▶ RECORDS:
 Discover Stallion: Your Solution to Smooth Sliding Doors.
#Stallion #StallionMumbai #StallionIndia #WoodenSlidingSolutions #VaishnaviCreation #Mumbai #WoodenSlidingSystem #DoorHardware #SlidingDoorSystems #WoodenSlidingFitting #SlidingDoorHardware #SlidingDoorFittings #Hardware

--

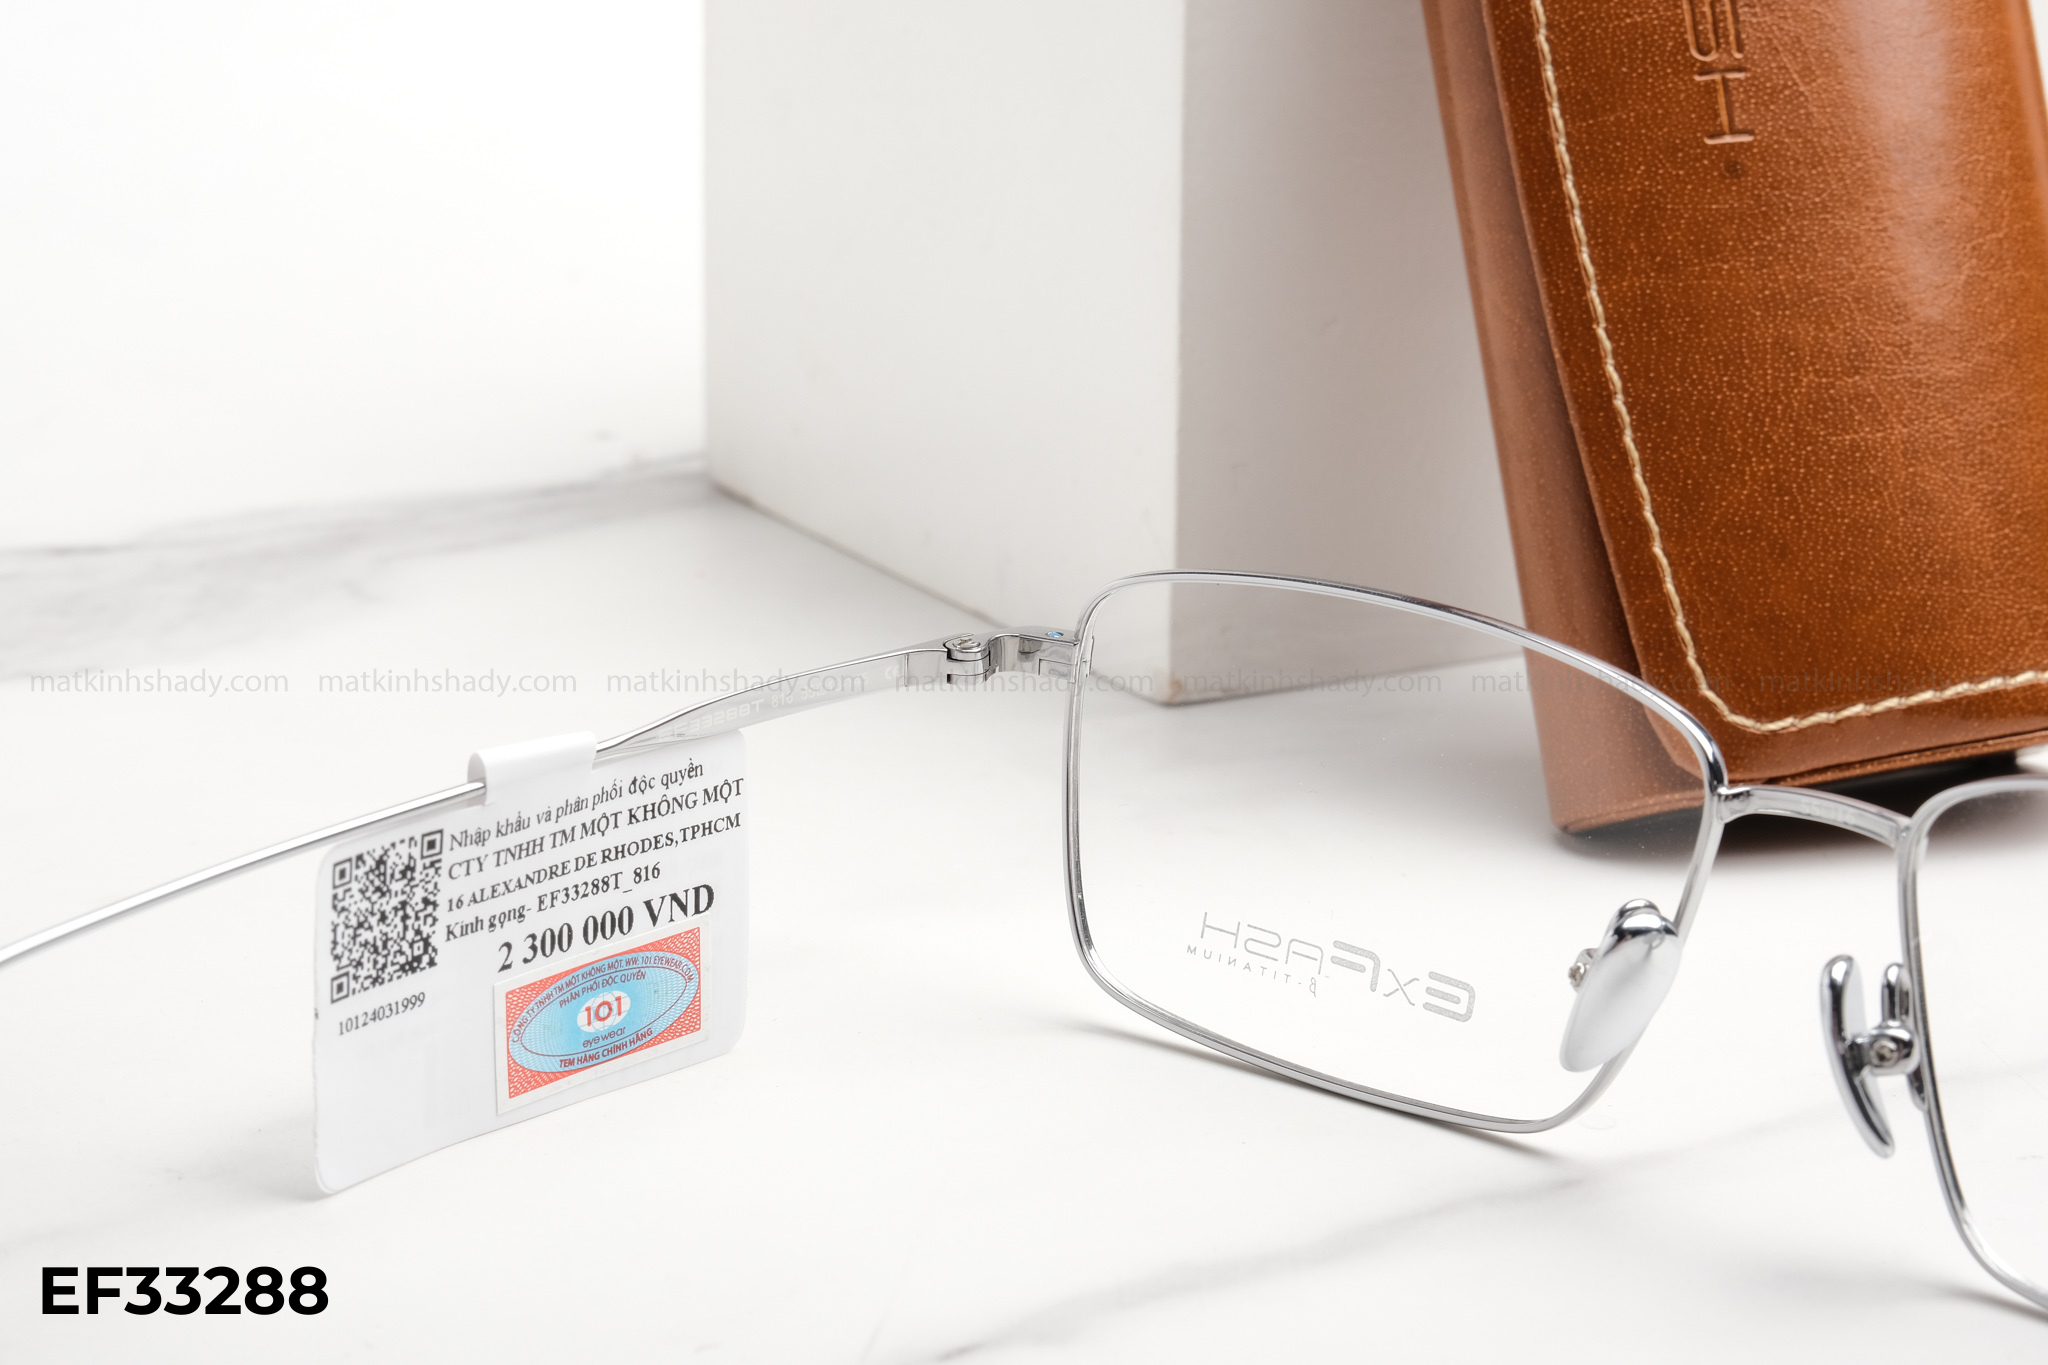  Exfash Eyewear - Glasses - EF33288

▶ TASK DETAILS: The lines above starting at the one that contains "Discover Stallion: Your" and ending at the one that contains "#Stallion #StallionMumbai #StallionIndia" must be transcribed exactly, and no other lines may appear.

▶ THE ANSWER:
 Discover Stallion: Your Solution to Smooth Sliding Doors.
#Stallion #StallionMumbai #StallionIndia #WoodenSlidingSolutions #VaishnaviCreation #Mumbai #WoodenSlidingSystem #DoorHardware #SlidingDoorSystems #WoodenSlidingFitting #SlidingDoorHardware #SlidingDoorFittings #Hardware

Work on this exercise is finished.